Billions are spent searching for often elusive answers to preventing heart disease—the leading cause of death in the United States and in the world. In a new Viewpoint, published in the journal Circulation Research, David Siscovick, MD, MPH the Academy’s senior vice president for Research and immediate past chair of the American Heart Association Council on Epidemiology and Prevention, suggests a new path of inquiry. He makes a case for greatly expanding the vision and scope of heart disease research beyond daily lifestyle factors to include environmental exposures that may occur at critical points during the lifespan in order to understand the full range of risks to the public’s cardiometabolic health.

Q: There are many approaches to understanding heart disease. What did you choose to publish in  your Viewpoint, a commentary in the American Heart Association’s official journal of basic cardiovascular science , and why?

A: For this commentary, I looked at our understanding of the current epidemic of overweight and obesity from a perspective that includes not only genes and recent health behaviors, but also incidents that take place across the life cycle and generations. The suggestion is that this paradigm shift offers the best chance to uncover important, contextual factors that will have a meaningful, long-term impact on the cardiometabolic health of the public.

Q: Why look over such a long span of time to find out why someone might develop heart disease at say, age 50?

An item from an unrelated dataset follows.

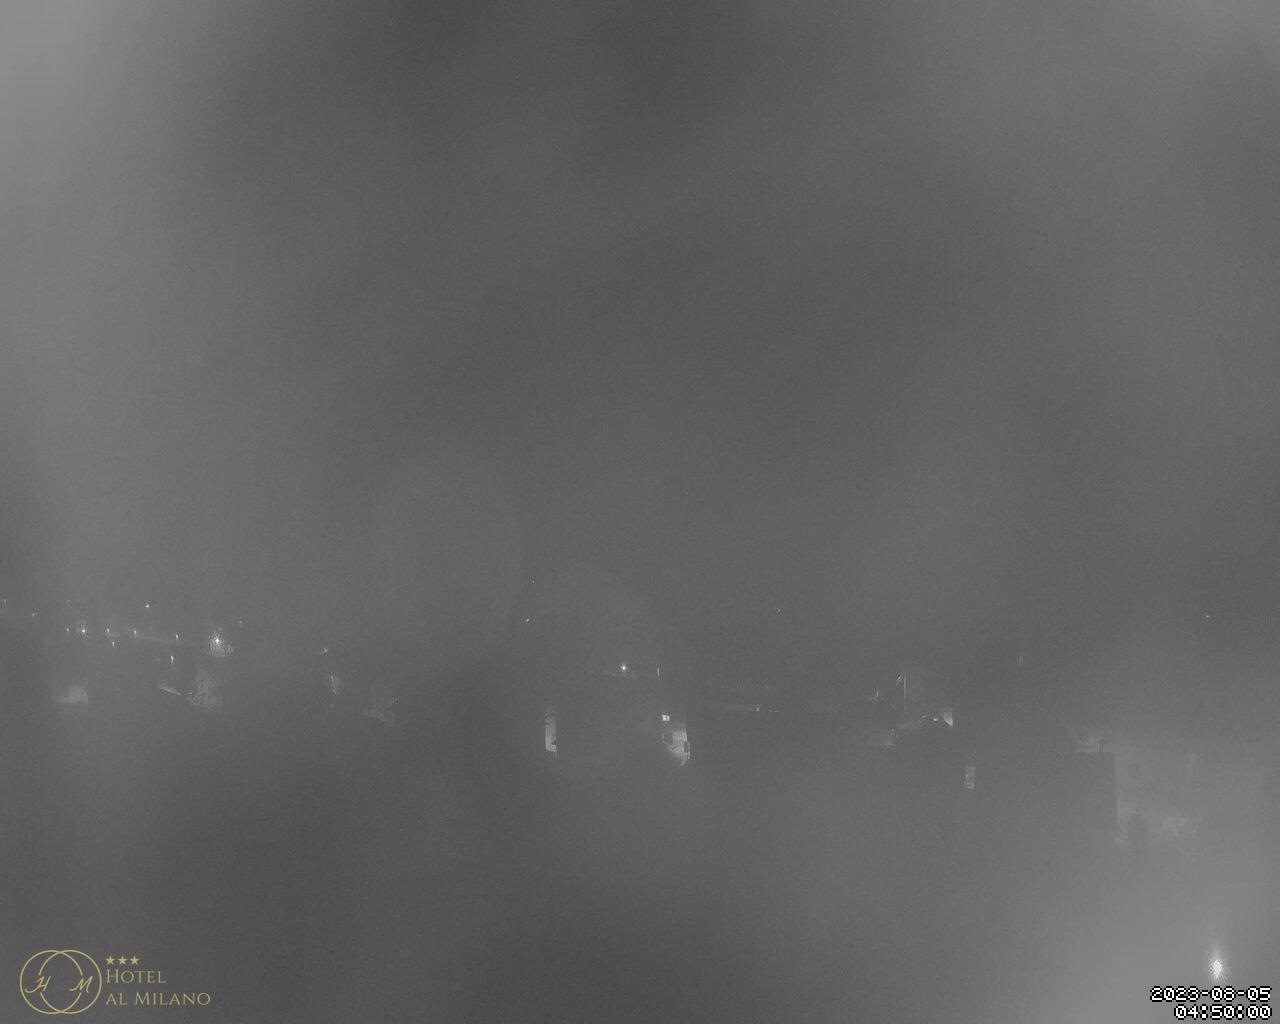 webcam - full screen

A: If you focus exclusively on cell biology and the present, when investigating the causes of poor cardiometabolic health, you may lose the opportunity to identify important issues related, for example, to epigenetics—modifications in gene expression in response to the environment that can be carried over many generations. The article is a basic advisory to scientists to call their attention to these issues, including the importance of the broader determinants of health across the lifecycle and generations. This approach is at the center of our work here at the Academy.

When you take this long term (back to the future) approach, you consider that someone’s heart disease risk may be linked to something their mother endured before or during pregnancy, a famine or toxic stress survived by a great grandmother, or even being part of the third generation of a family that lived in a dense, polluted urban environment.

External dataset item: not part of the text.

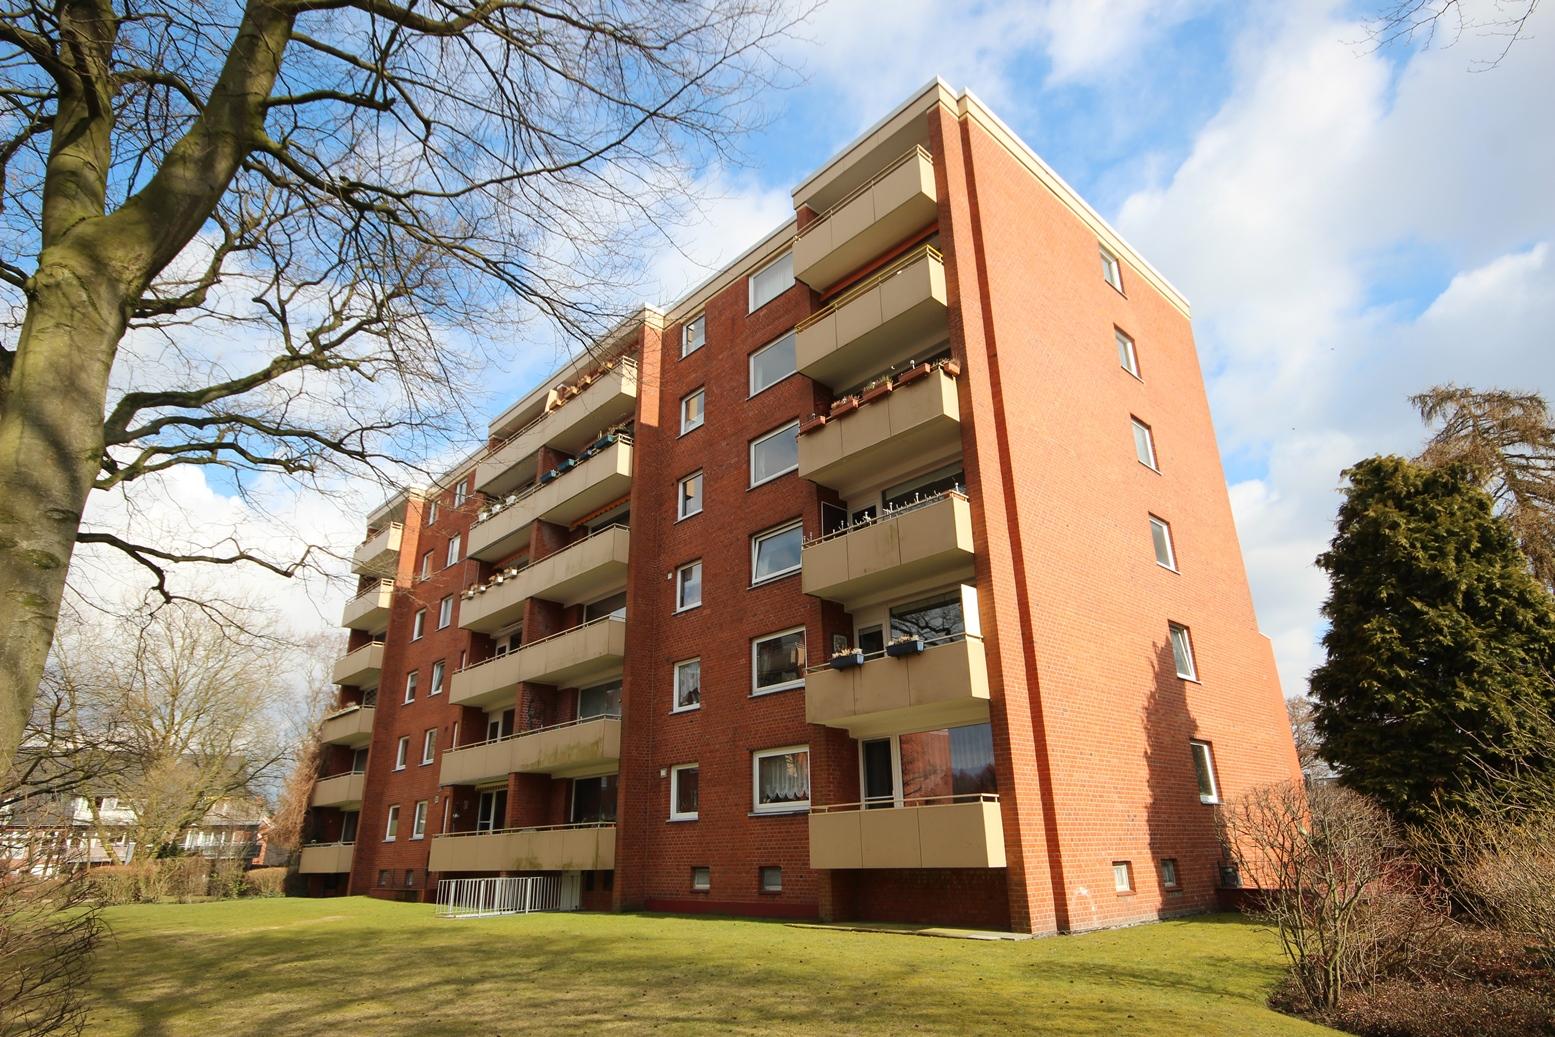 Schenefeld-Dorf: Ruhige 4 Zimmer-Wohnung im Dorfkern

Q: Are you saying that a person may struggle with obesity because of issues that may have occurred before they were even born?

A: Yes, there is mounting evidence that there are critical time windows over the lifespan that may influence body weight, not only for current, but also for future generations. Preconception obesity and overweight, or excessive weight gain during pregnancy, due in part to environmental factors and genetic variation, affect the long-term cardiometabolic health of offspring.

In utero exposure to famine—early in pregnancy, weeks 1 to 10, rather than 11 to 20, for instance, has even been connected to an increase in obesity and risk for poor cardiometabolic health. Famine may seem like a foreign experience, but it was endured by the fairly recent ancestors of the more than 150 million American’s whose ancestors are from Ireland, Germany, Africa and Holland. 

Q: What do you want scientists to do with this more detailed and advanced knowledge on the broader determinants of cardiometabolic risk?

A: I am advocating for this to be seen as an opportunity to impact heart health now and for future generations, possibly the next 100 years! This would mean supporting basic and population research that requires a long-term investment, but scientific discovery needs to take into account context—historical, current, and across the lifespan—if we want to understand the full range of influences on cardiometabolic health. Research on overweight and obesity, key heart health risk factors, is now focused on person and place. I argue that the focus should expand to include person, place and time.